Le système de la mode s’inscrit dans la société de consommation de
manière très complexe. Le photographe doit être actif face à lui pour
l’appréhender de manière objective et l’intégrer dans ses réalisations.
Les codes évoluent suivant les paramètres de la société elle-même.
Tout ce qui entre dans les normes est déprécié, et délaissé par les personnes
qui en usent. Les publicitaires suivent ce schéma pour pouvoir
communiquer auprès d’elles. Ils ne les devancent pas mais tentent d’en
recréer.
Le média 4x3 est proche des consommateurs.
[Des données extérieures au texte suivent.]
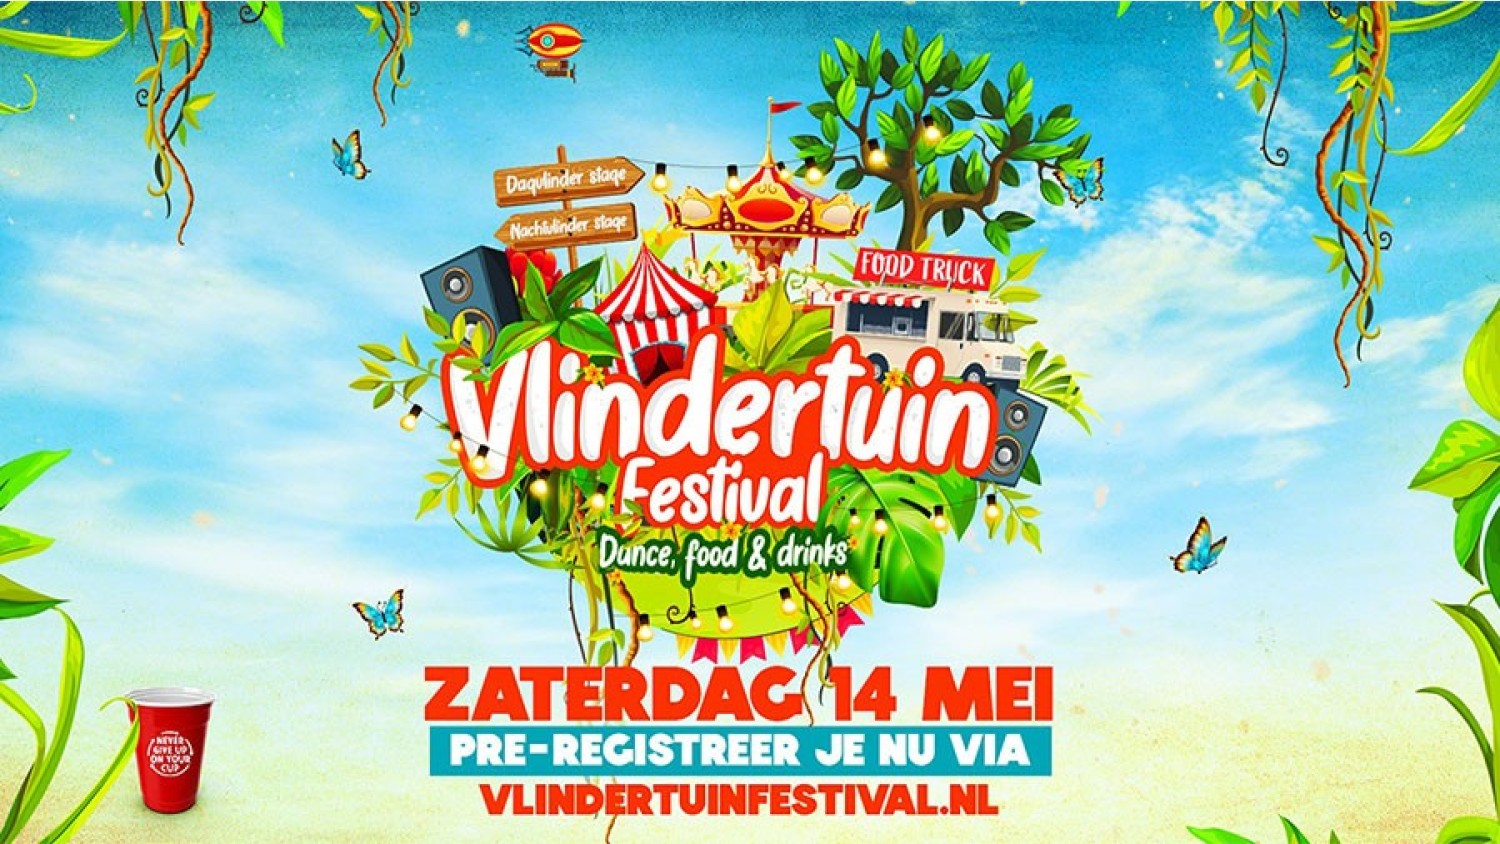 Party nieuws: Pre-registratie Vlindertuin Festival geopend
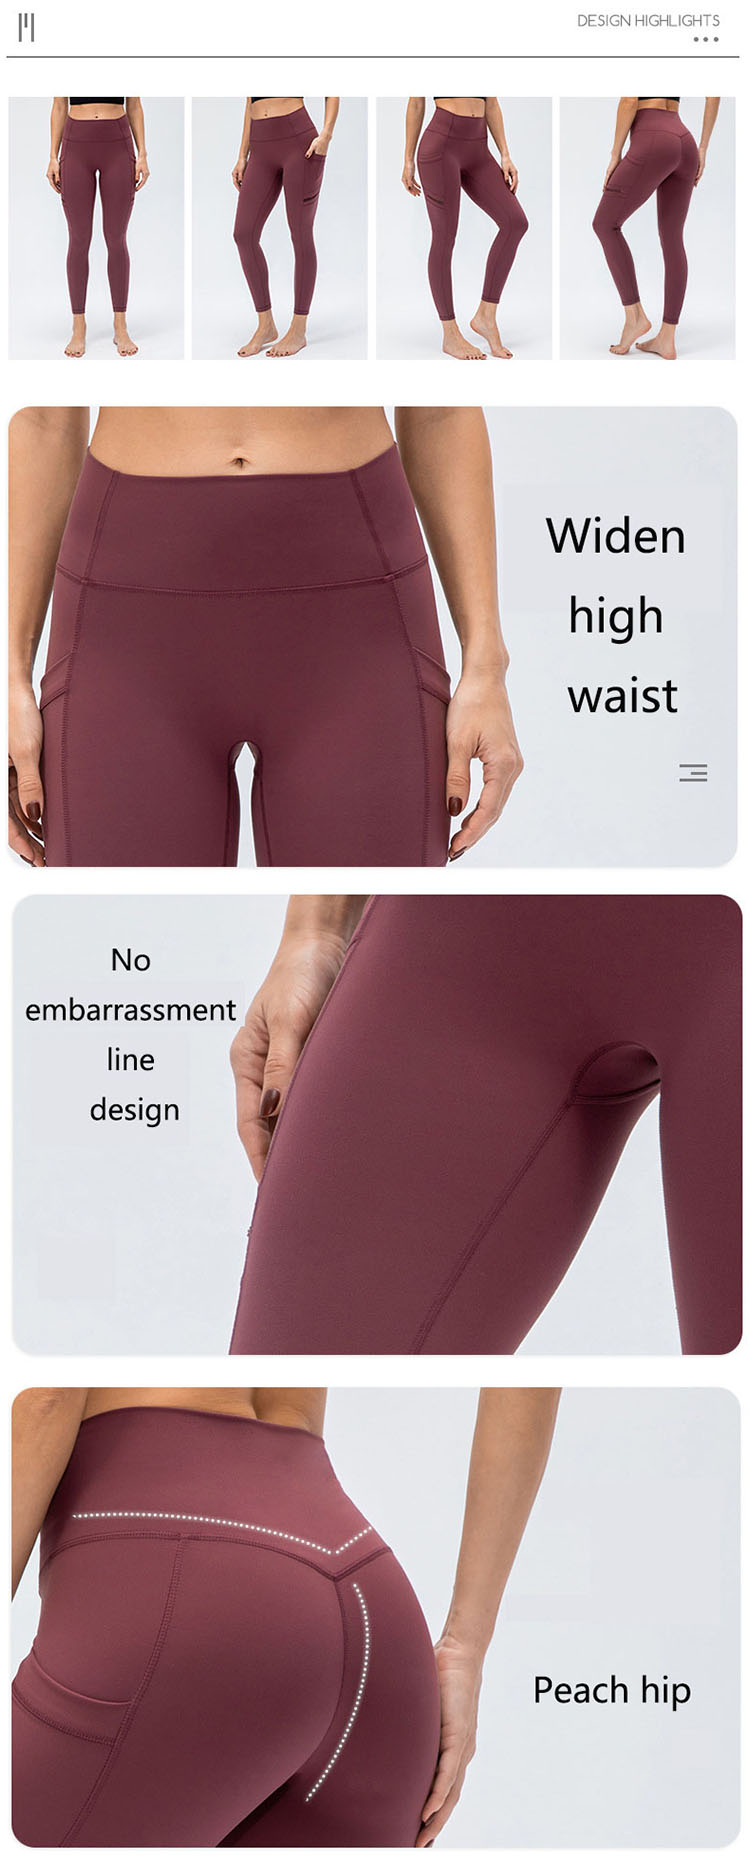 Betabrand dress pant yoga pants - Activewear manufacturer

Le photographe pense
l’image précisément pour cette utilisation, il construit l’image de sorte à ce
qu’elle soit rapidement identifiable.
Le statut du photographe évolue vers de nouveaux horizons. Une
formation pluridisciplinaire peut lui être utile, par exemple en art plastique
pour coucher un concept sur le papier, ou en vidéo pour réaliser de bonnes
mises en scène. Le photographe publicitaire de mode travaille à partir
d’éléments rapidement dépréciés : le vêtement et l’image publicitaire. Il
doit strictement définir les paramètres de son concept pour le réaliser au
mieux.
68
De manière objective, si le photographe détient les qualifications
requises et a le souhait d’entreprendre un projet, du concept à la prise de
vue, c’est réalisable. Néanmoins, il faut qu’il soit entouré de personnes qui
le guideront vers les dernières tendances du moment (directeur de
communication,
directeur artistique). En effet, concevoir un projet
demande de considérer ses goûts personnels tout comme ceux qui génèrent
un engouement particulier sur l’instant.
L’image n’est pas facile à créer et analyser. La publicité sans slogan
permet de laisser le consommateur songeur tout en lui imposant une vision
du monde encore plus forte que celle définie par les mots. Cette espace de
liberté est réservé à la curiosité que suscitent les «images messages ».
L’image détrône la position du texte dans la communication
publicitaire. C’est une revanche sur la place qu’elle détenait jusqu’alors :
l’illustration d’un slogan. Maintenant, l’image est le slogan lui-même. Elle
obtient un impacte de plus en plus conséquent. À l’avenir, un logotype ou
un simple graphisme définira sans aucun doute la marque. L’image dépasse
le statut de slogan, elle délivre une identité complète
Qui plus est, il semblerait qu’il s’effectue un renversement dans les
rôles que détiennent
l’image et le slogan. Ce n’est plus l’image qui
illustrera le slogan mais plutôt un mot qui soulignera le concept du visuel.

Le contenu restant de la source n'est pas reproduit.